Comment s’effectue le dépistage ?
“Il est primordial d’établir le diagnostic de l’hémochromatose avant 30-35 ans. Au-delà, la surcharge en fer peut provoquer des complications graves telles que la cirrhose du foie (12 % des cas) avec possibilité de cancer, une insuffisance cardiaque avec arythmie, infarctus, un diabète sucré insulinodépendant, des rhumatismes invalidants avec destruction des articulations, des troubles sexuels difficiles à traiter…
Autant de maux auxquels s’ajoutent une fatigue chronique et un état dépressif aux conséquences professionnelles et familiales lourdes (arrêts de travail, invalidité, discorde, incompréhension…)”.
Professeur Henri Michel,
Président de l’Association Hémochromatose France (AHF)
Le dépistage
Une simple prise de sang permet d’établir le bilan du fer dans le sang :
- Mesure du coefficient de saturation de la transferrine, protéine qui transporte normalement 30 % du fer du tube digestif à la moelle osseuse. Chez une personne atteinte d’hémochromatose, elle en transporte de 50 à 100 %.
- Mesure de la ferritinémie (stock de fer) : le taux normal est de 30 à 300 ng/ml. Chez une personne atteinte d’hémochromatose, il atteint 500 à 8000 ng/ml.
Si le coefficient de saturation de la transferrine est anormalement élevé, le diagnostic de l’hémochromatose doit être confirmé par un test génétique, réalisé à partir d’une prise de sang. Il est ensuite capital d’entreprendre le dépistage familial (frères, soeurs, ascendants, descendants) pour traiter d’éventuels malades plus jeunes.
Depuis le 1er mai 2007, l’Assurance Maladie prend en charge l’examen sanguin de dépistage et le test génétique permettant de confirmer le diagnostic de l’hémochromatose (à 100 % dans les cas où il y a double mutation génétique, à 70 % en cas de mutation génétique unique).
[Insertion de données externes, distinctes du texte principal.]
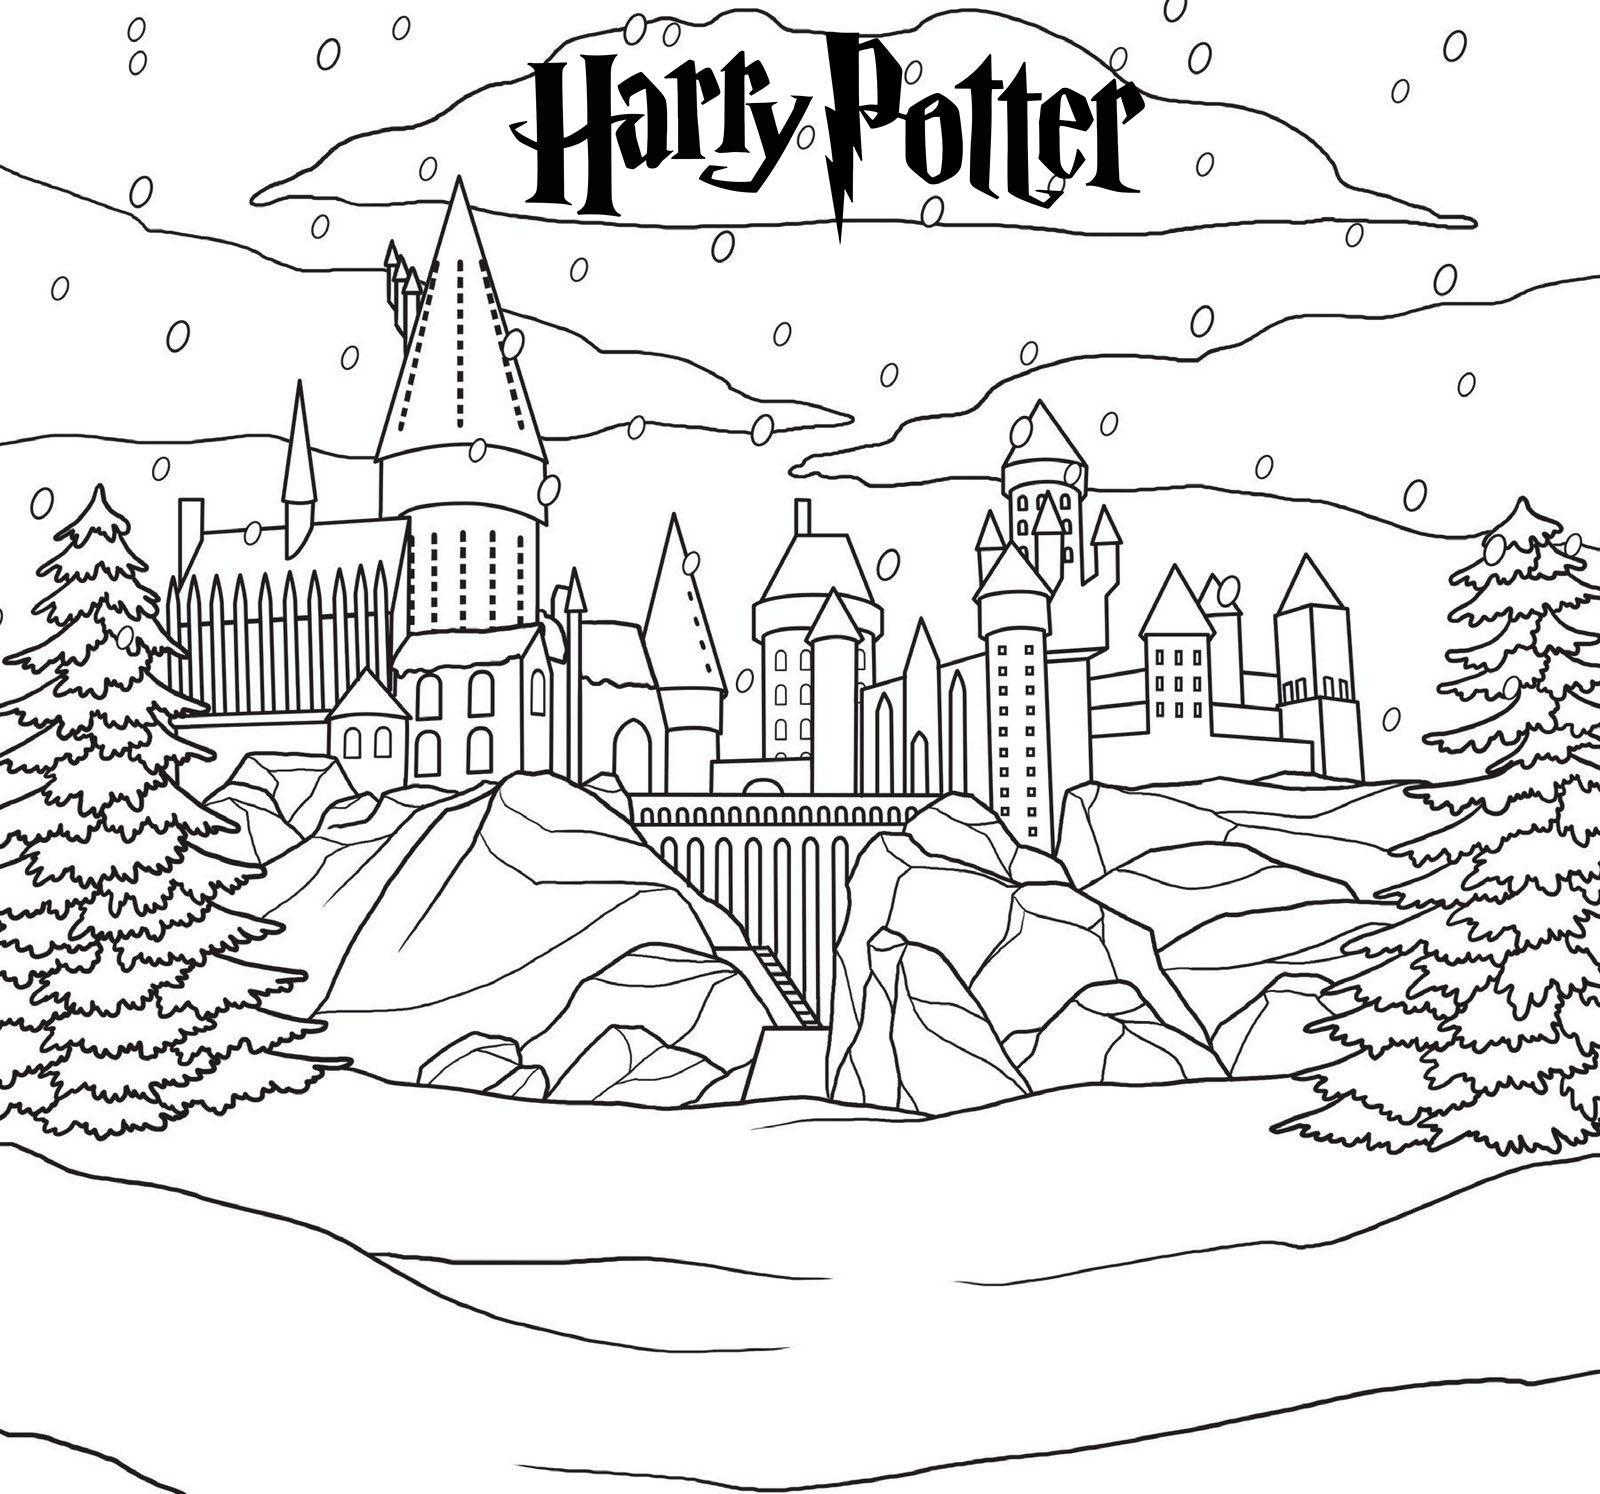 Harry Potter Hogwarts Castle In Winter Coloring Page Harry Potter Colors Harry Potter Coloring Pages Harry Potter Coloring Book

En quoi consiste le traitement ?
Une espérance de vie normale pour les malades traités avant 30-35 ans
Simple : des saignées suffisent, le traitement s’effectue en deux étapes :
- Éliminer la surcharge en fer Les globules rouges étant très riches en fer, des saignées répétées permettent d’éliminer des quantités importantes de fer. D’autant que, pour fabriquer de nouveaux globules rouges après chaque saignée, l’organisme puise dans les surcharges déposées sur les différents organes (foie, pancréas, coeur…). Le fer accumulé en excès dans l’organisme depuis la naissance s’élimine ainsi progressivement.
Définition de la saignée : Méthode thérapeutique consistant à soustraire du sang par ponction d’une veine.
- Éviter la ré-accumulation du fer Pour éviter la reconstitution progressive de l’excès en fer, le traitement par saignées doit être maintenu à vie mais à un rythme moins soutenu que lors du traitement d’attaque.
Efficace pour les malades traités avant 30-35 ans
Généralement, les saignées sont bien tolérées et elles produisent de vrais résultats sur des malades soignés à 20-35 ans : la plupart des symptômes disparaissent, l’espérance de vie redevient semblable à celle de la population générale. À l’âge de 50-60 ans, la régression des symptômes est plus exceptionnelle et les complications sont déjà graves, l’accumulation de fer ayant pu détruire des organes.
Pendant 1 à 2 ans
- Des saignées de 400 à 500 ml toutes les semaines, surveillance de l’hémoglobine et de la ferritine tous les mois.
- Une IRM du foie (examen d’imagerie par résonance magnétique) est souhaitable pour apprécier la surcharge en fer.
- À noter qu’il n’y a pas de régime alimentaire particulier à suivre. Les boissons alcoolisées sont toutefois à éviter (foie fragilisé). Il s’agit aussi de s’abstenir de vitamine C sous forme de médicament ; elle augmente l’absorption du fer. En revanche, boire du thé est recommandé.
À vie
- Des saignées de 300 à 500 ml tous les 3 à 6 mois.
- Une échographie du foie tous les 6 mois permet de surveiller l’éventuelle apparition d’un cancer.
La fin de la saignée ?
En 2001, des chercheurs de l’INSERM de Rennes et Paris démontrent que le foie produit de l’hepcidine lorsque la quantité de fer dans l’organisme devient trop importante. Chez les malades, cette hormone est absente en raison de l’anomalie génétique. En mars 2009, c’est une équipe de chercheurs de l’INSERM de Toulouse qui trouve la molécule permettant au fer d’activer la synthèse de l’hepcidine : la molécule BMP6. Ces découvertes sont une source d’espoir ; « peut-être traitera-t-on un jour l’hémochromatose par l’hepcidine comme on soigne le diabète par l’insuline », espère le Professeur Henri Michel.